═════ MATERIAL PROVIDED ═════
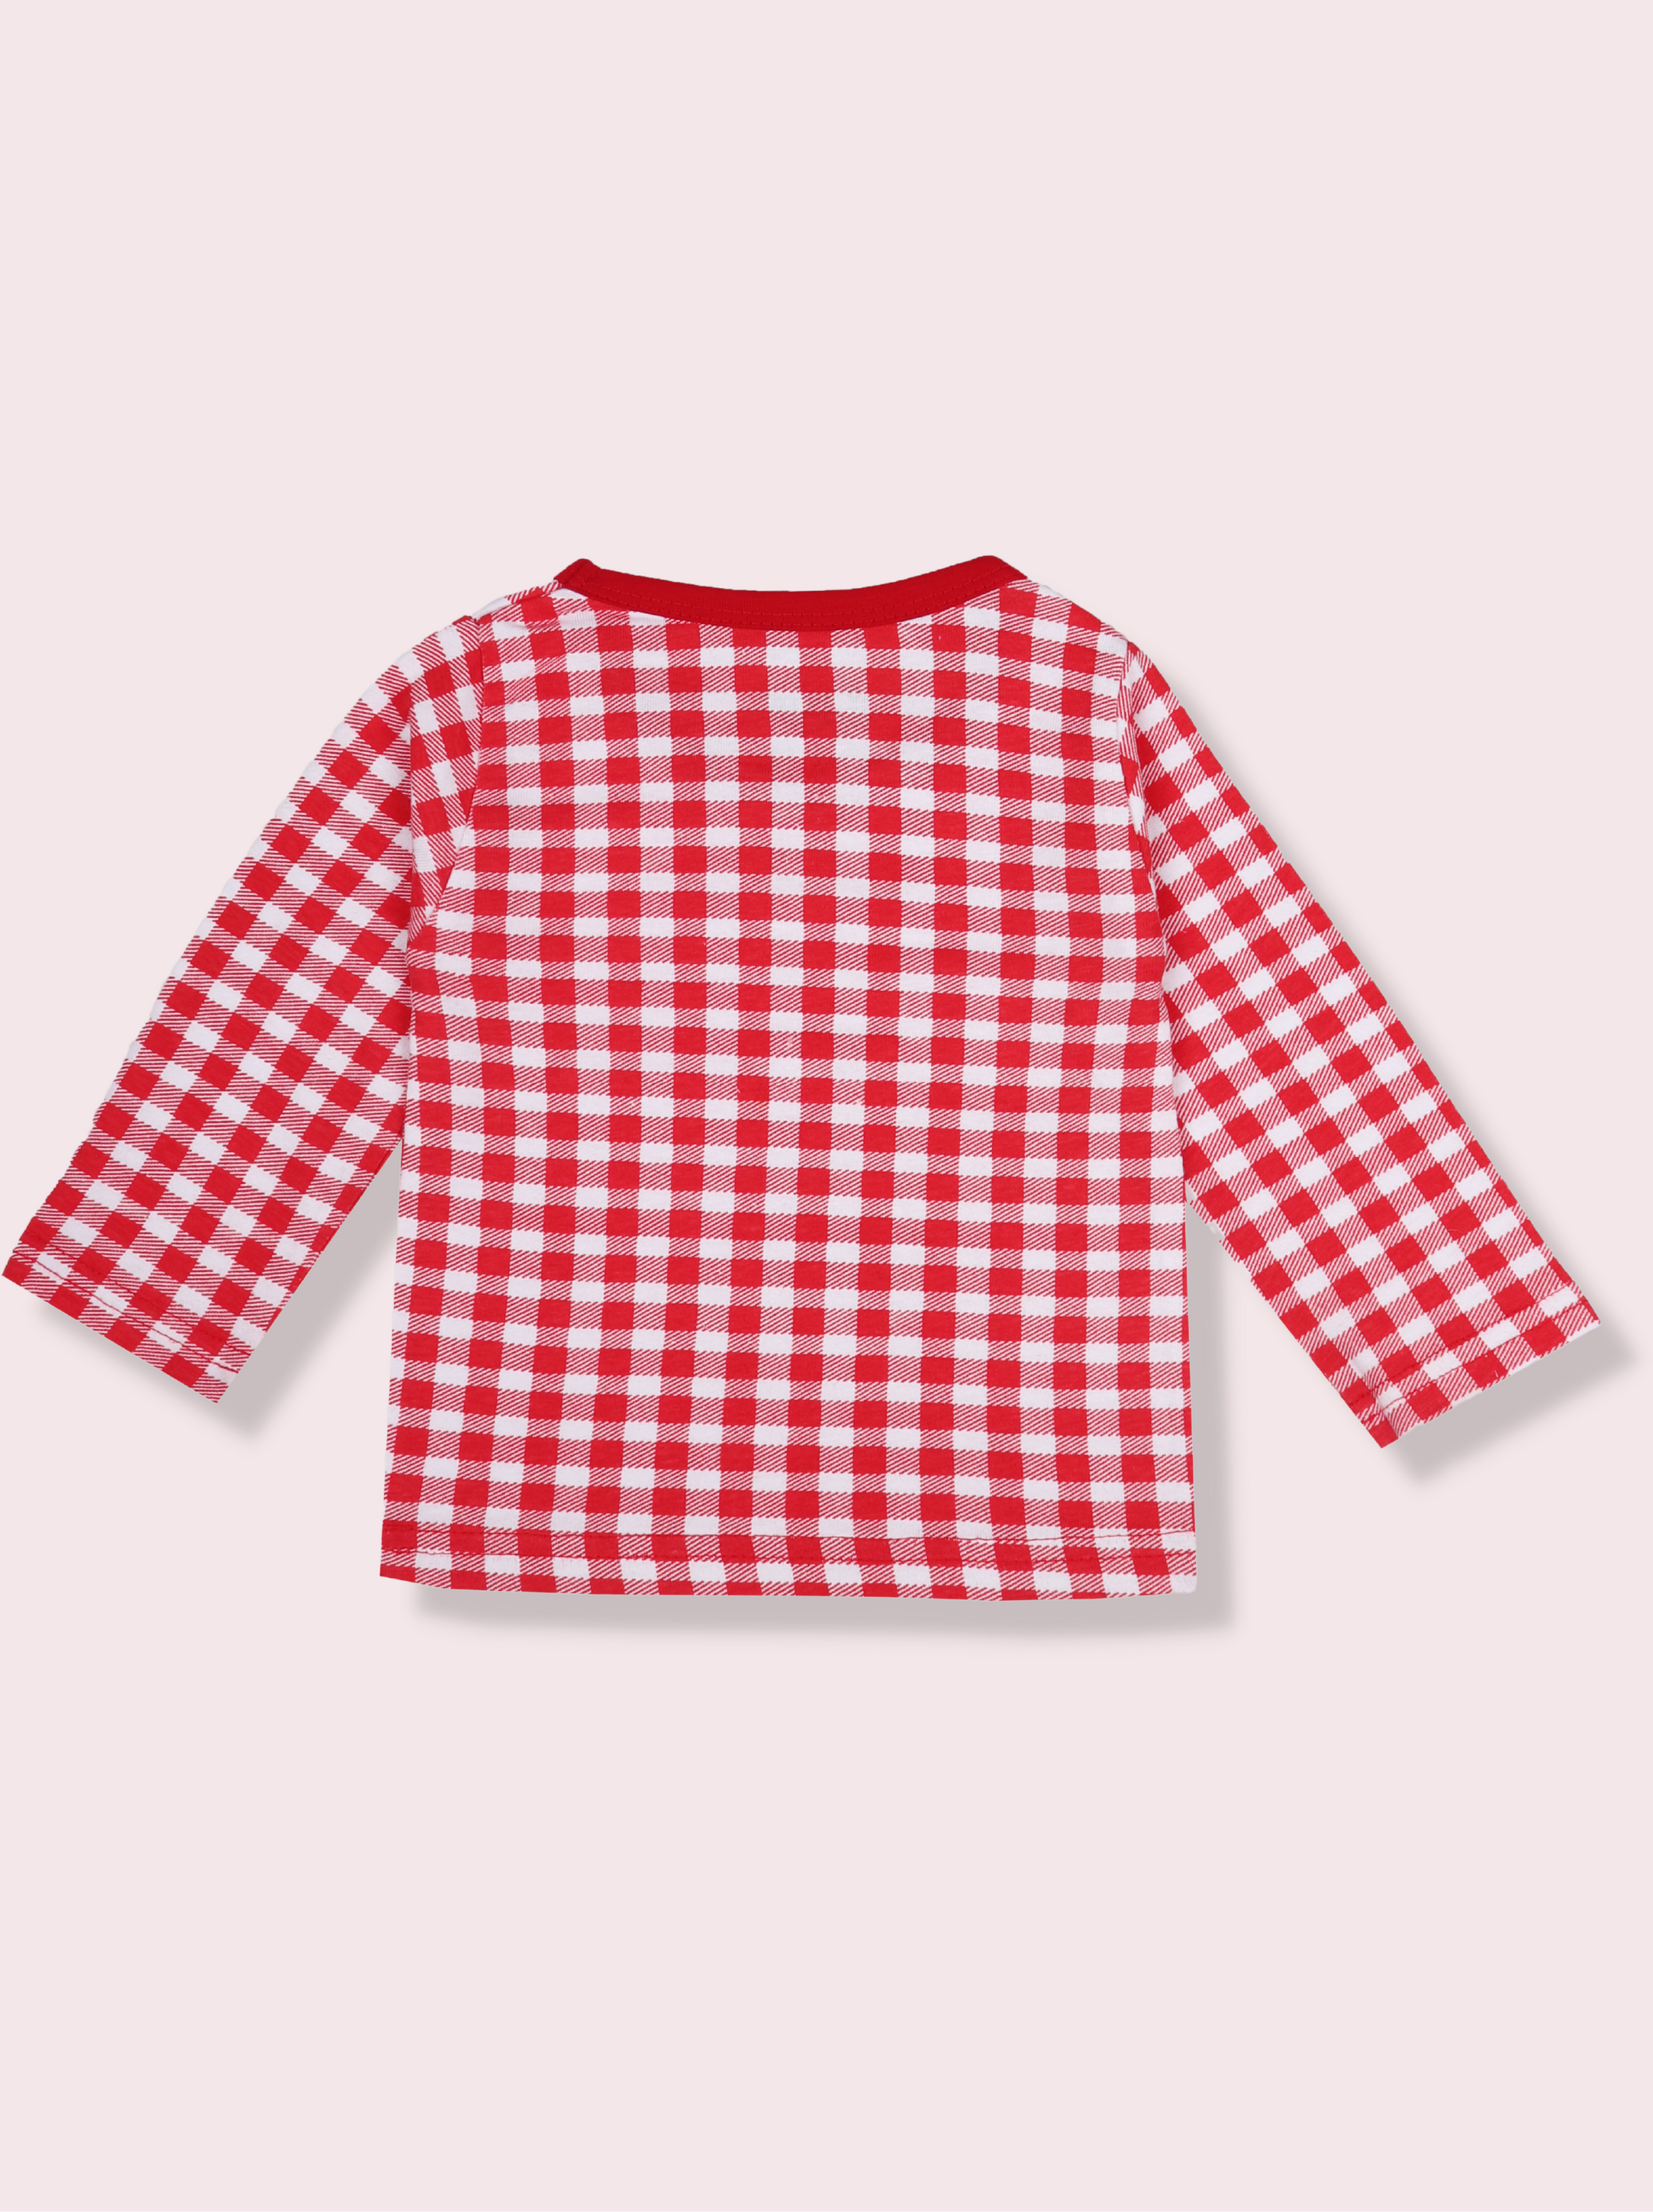 Kids Girls Full sleeve Checkered Shorts set
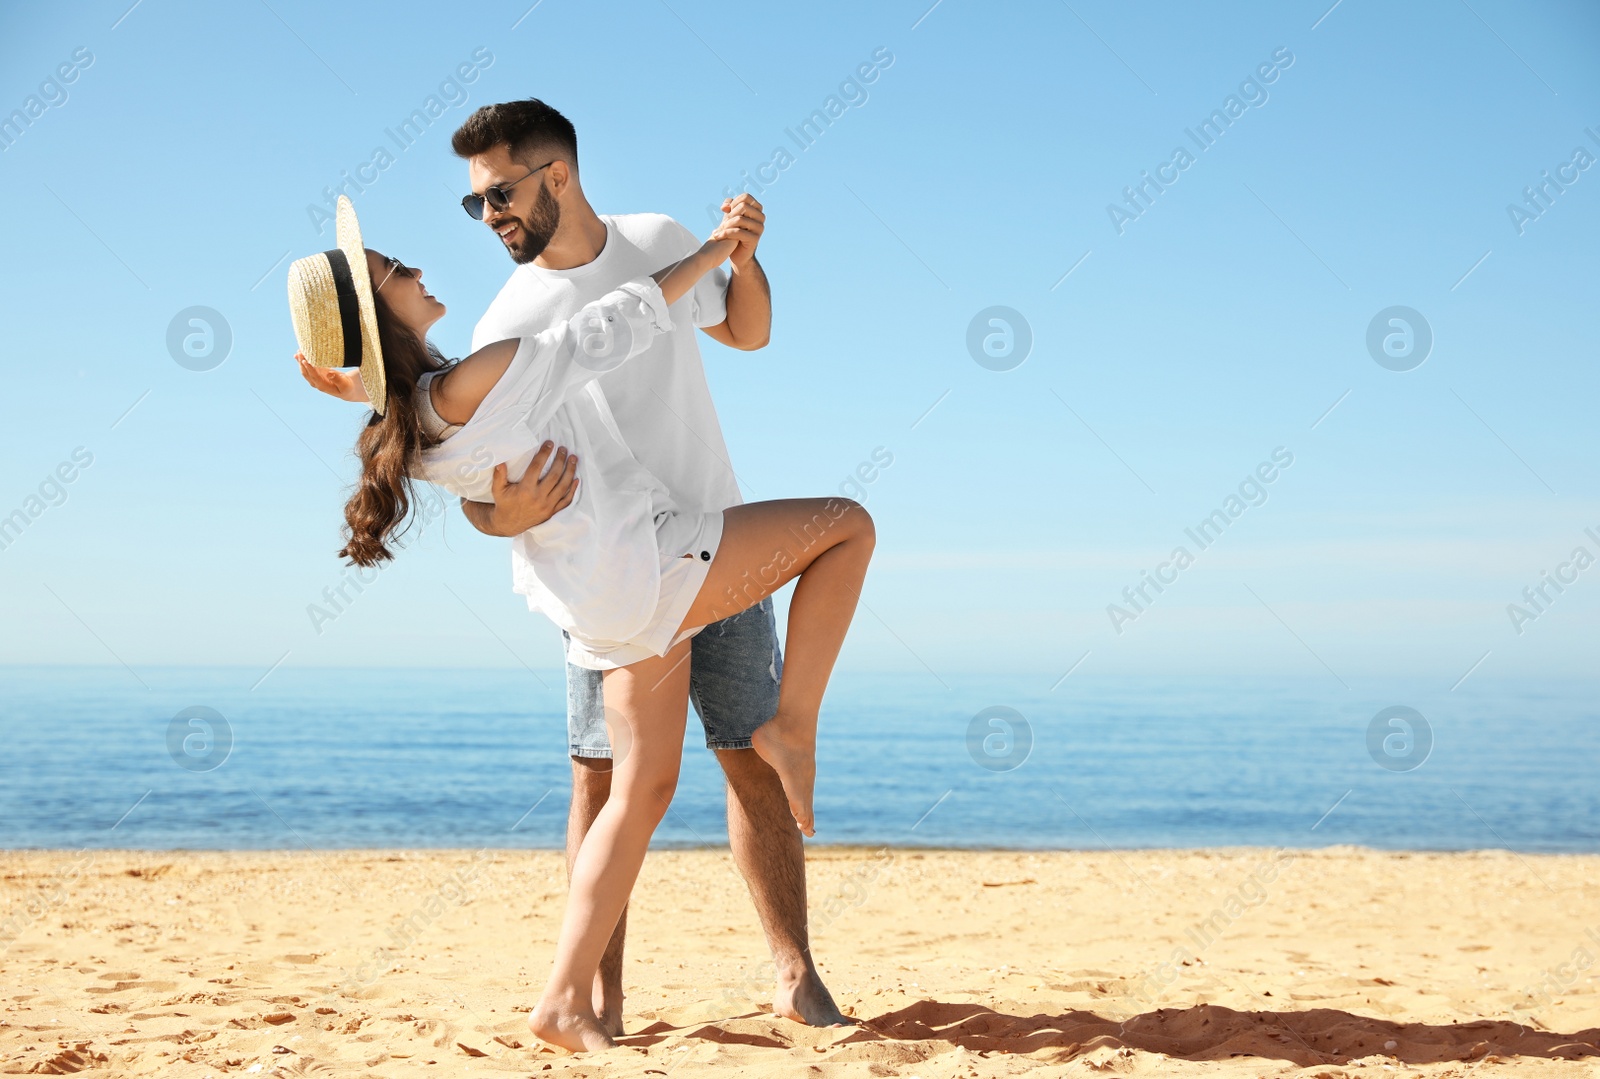 Photo of Happy young couple dancing on beach near sea. Honeymoon trip
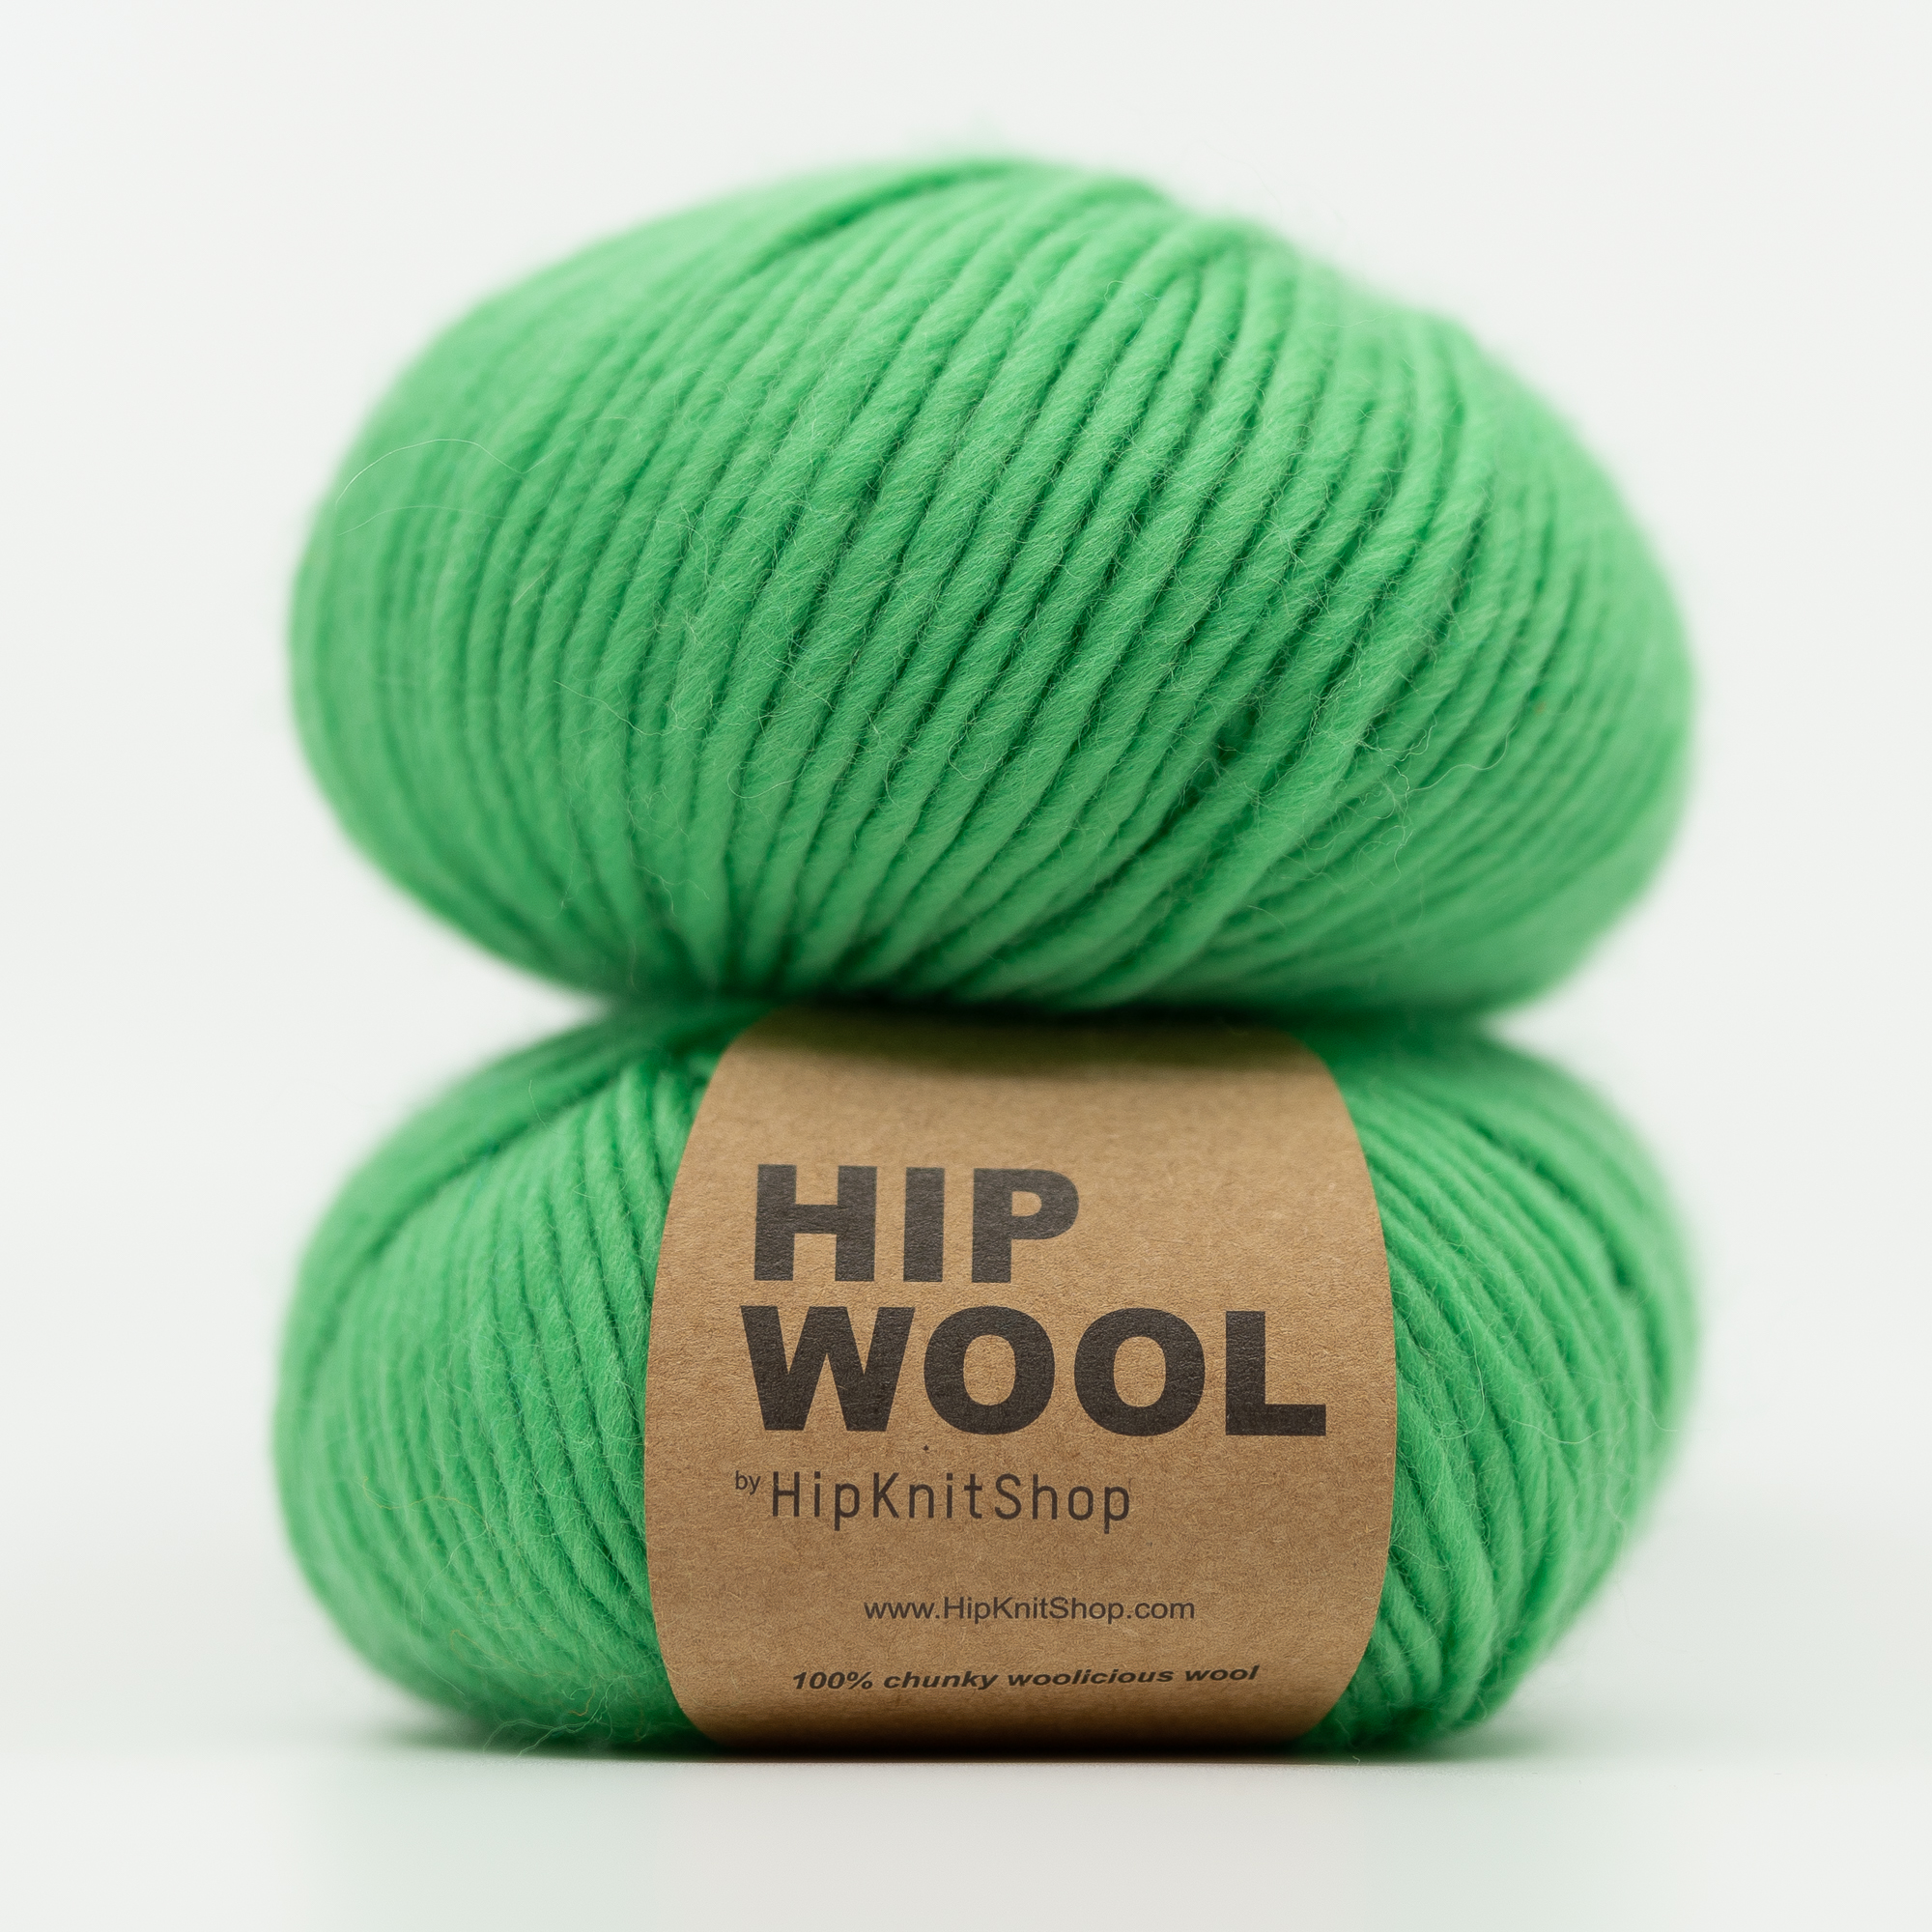  - Jelly bean green | Bright green yarn | Hip Wool - by HipKnitShop - 30/05/2021
═════
» **THE TASK**:
Reproduce the data above word for word and omit the images.

» **SOLUTION BELOW**:
 Kids Girls Full sleeve Checkered Shorts set
 Photo of Happy young couple dancing on beach near sea. Honeymoon trip
  - Jelly bean green | Bright green yarn | Hip Wool - by HipKnitShop - 30/05/2021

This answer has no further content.